И еще одно: в нашем фольклоре начисто отсутствуют упоминания о связях с Азией в далекие времена. Уж наверняка, если бы мы так много путешествовали в старину, это нашло бы свое отражение в народных сказках: скажем, приключения какого-нибудь коричневого Одиссея в дальних краях. Фольклор запечатлел бы хоть смутные воспоминания о посещении двора правителей Китая или замков японских феодалов, рассказы о великолепии Ангкор-Вата и Малакки, храмовых городов Явы. Увы, нет и намека на то, что нашим кораблям был ведом путь в гавани Востока. Даже если предположить, что письменных памятников нет, потому что монахи уничтожили наши книги, все равно мы не обойдем стороной непреложный факт: достаточно легко уничтожить книгу, но практически невозможно уничтожить память о ней. До нас дошли лишь немногие произведения великих греческих драматургов, но известно, сколько пьес написал каждый из них, известны названия и содержание пьес, ибо память о них веками жила в устной традиции. Мы знаем, что существовали другие Евангелия кроме канонических четырех, — знаем из той же устной традиции, сохранившей память о них и хранившей бы память о них и долее, даже если бы они не были упомянуты в Евангелии от Луки. Нужно ли сомневаться, что если бы вдруг исчезли все, до единого экземпляра, пьесы Шекспира, Шекспира все равно цитировали бы и обсуждали бы в грядущем, поскольку шекспировские строки и строфы сделались бы частью живой традиции? А если вдруг погибли бы произведения Рисаля, то все равно не погибла бы память о них, и мы через столетия продолжали бы говорить: «Как писал Рисаль в своем, ныне утраченном романе…», или: «Как сказано в утерянном прощальном стихотворении Рисаля…» Не так уж много поколений отделяют нас от XVI века, а мы всё пытаемся утверждать, будто за короткий этот срок могла исчезнуть всякая память о «книгах», которые якобы были уничтожены в период нашего обращения в христианство. Нет, это маловероятно и малоправдоподобно. Случись такое, устная традиция сохранила бы память и о сожжении книг, и о самих книгах, и мы бы сегодня говорили: «Как писал наш великий поэт Маната в своем эпическом произведении, сожженном испанцами в Малолосе…», или: «Как наш великий драматург Гатдула отмечал в своей исторической драме, которую уничтожили монахи в Араяте…»
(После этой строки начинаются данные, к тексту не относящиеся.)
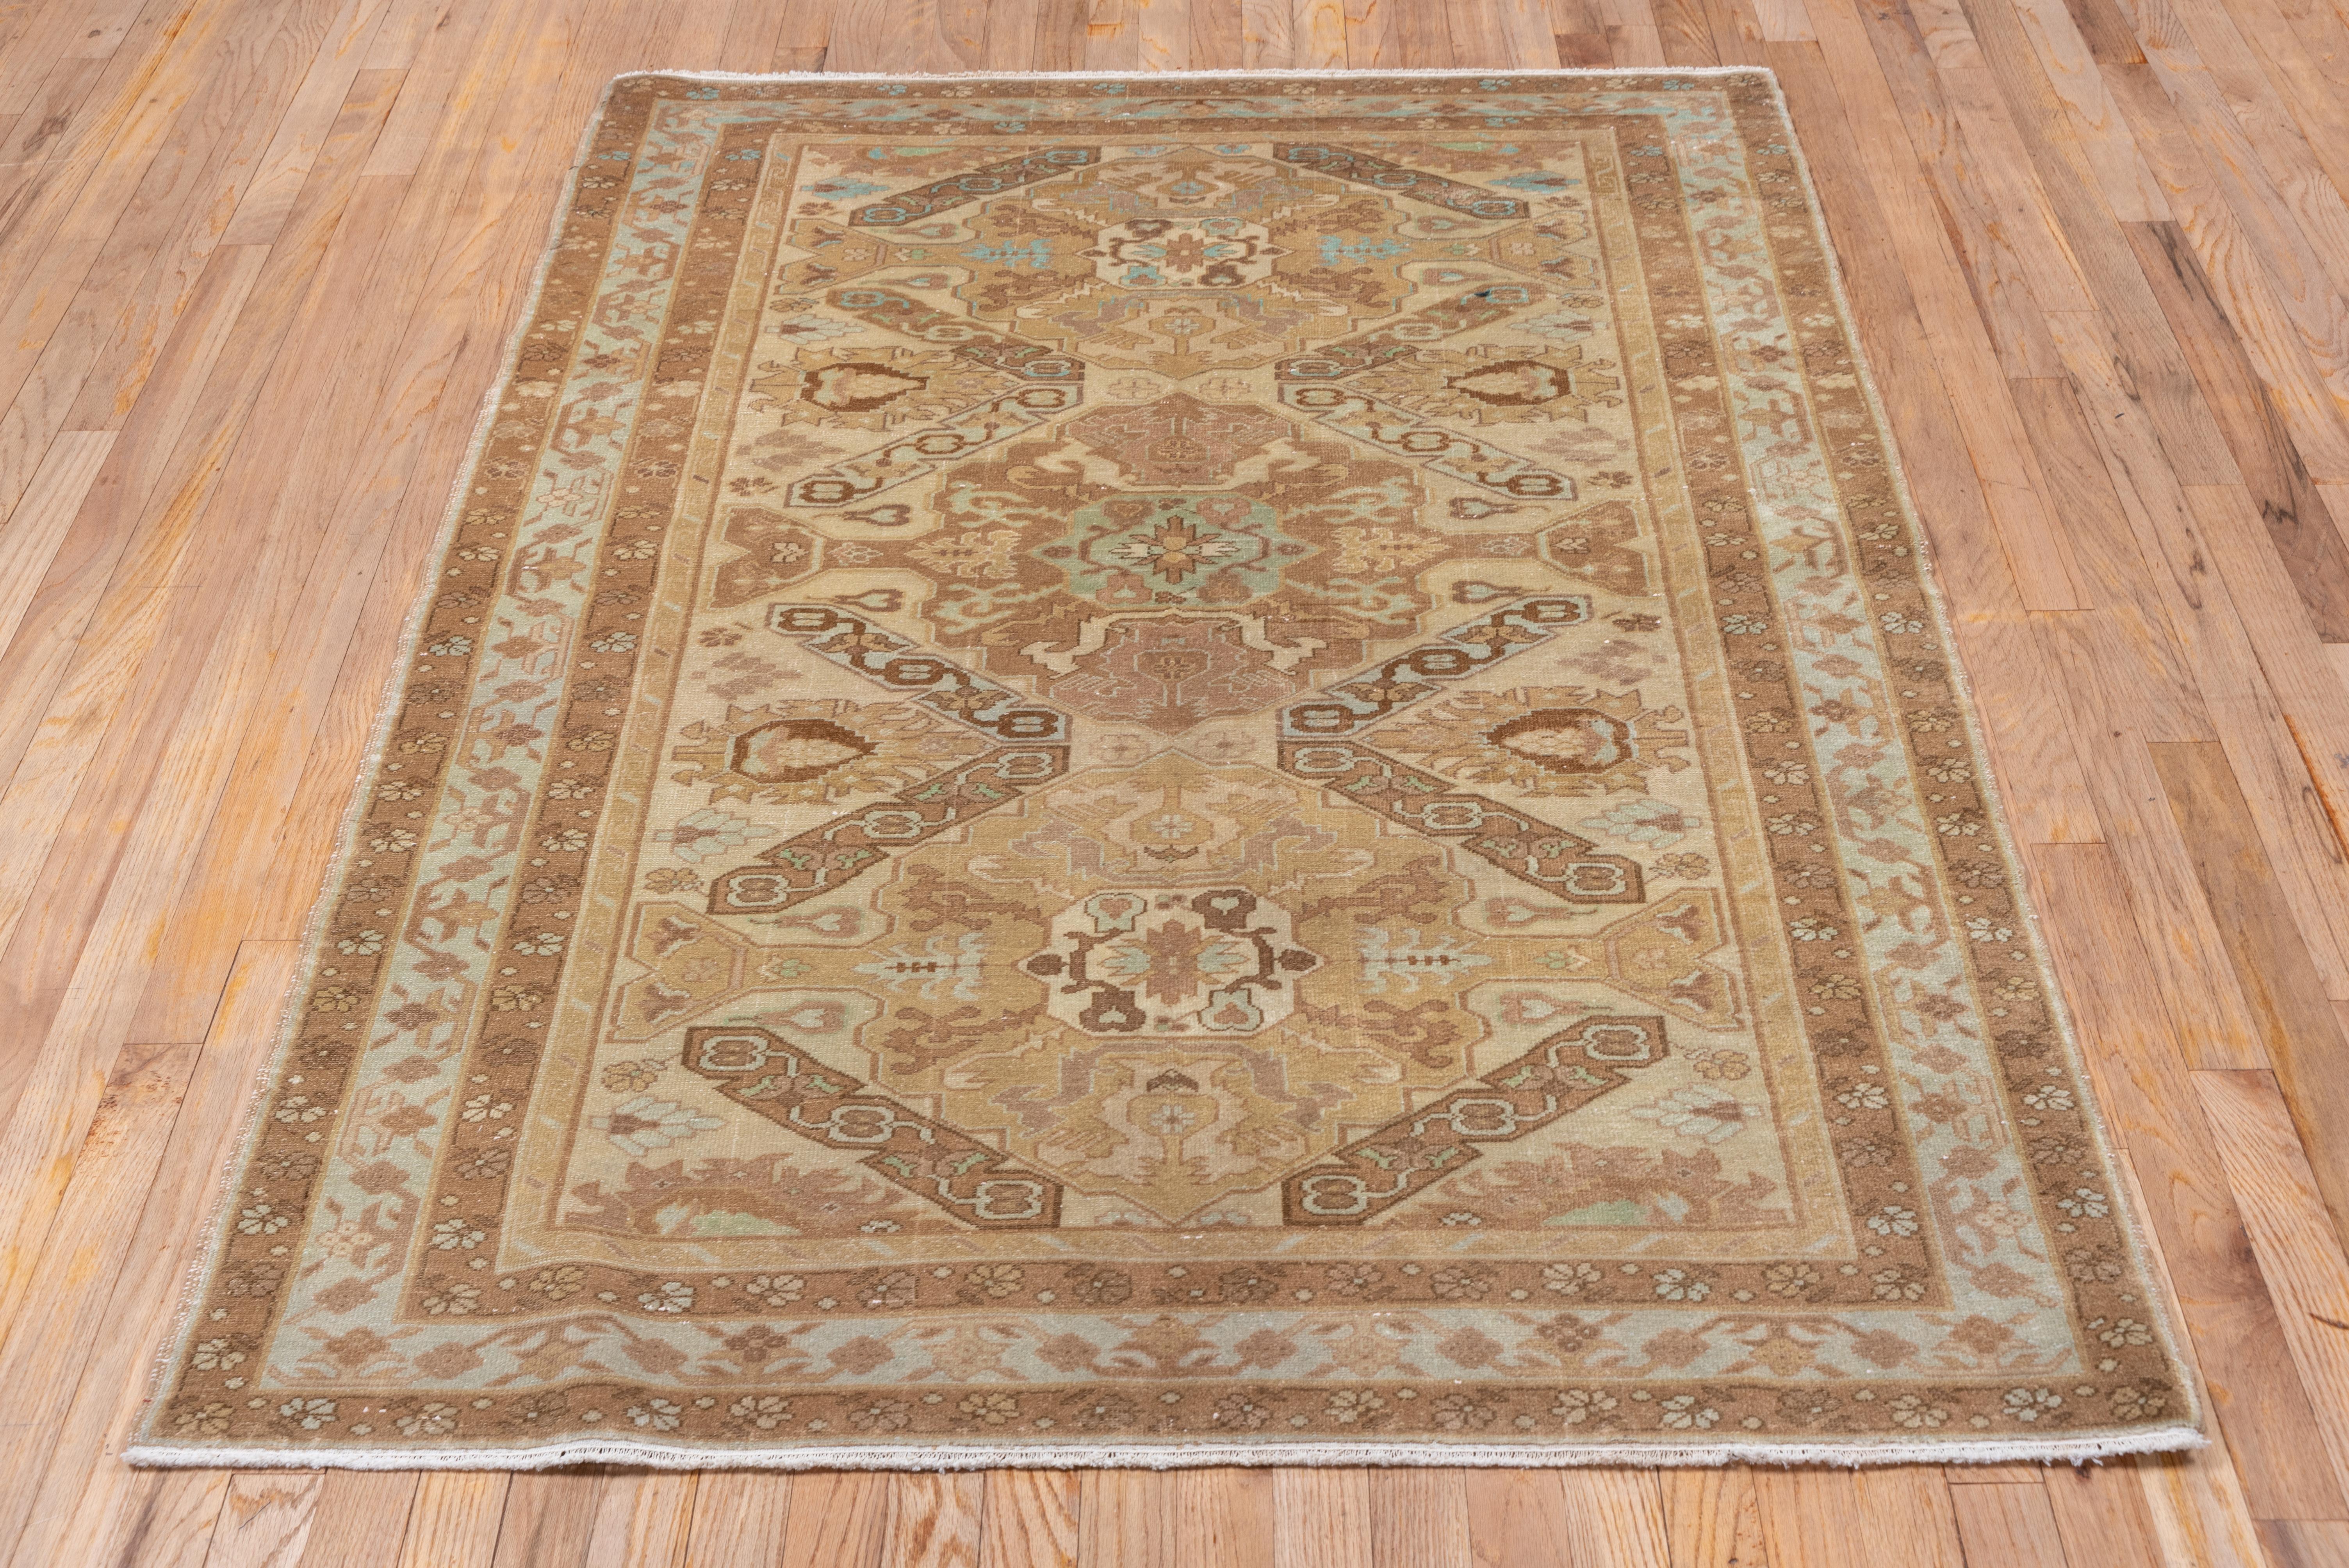 This eastern Turkish city scatter presents a totally Caucasian Kuba pattern of rough palmettes, oblique strips and geometrically lobed medallions, but in mellow tones of beige, rust-brown, pale grey, buff and sienna. The sand main border shows four

Но раз традиция не сохранила память о таких книгах, то, подходя к культуре как к истории, мы обязаны предположить, что «книг» никогда не было. «Существуют» они сегодня как еще одно из исторических суеверий. Признание этого не принижает национального достоинства, напротив, оно укрепляет его, ибо доказывает: мы взрослы в своем сознательном отношении к истории как к науке; нам, так сказать, больше незачем приравнивать упаковочную мастерскую к предприятию тяжелой индустрии, а школьный физический кабинет к исследованиям в области физики.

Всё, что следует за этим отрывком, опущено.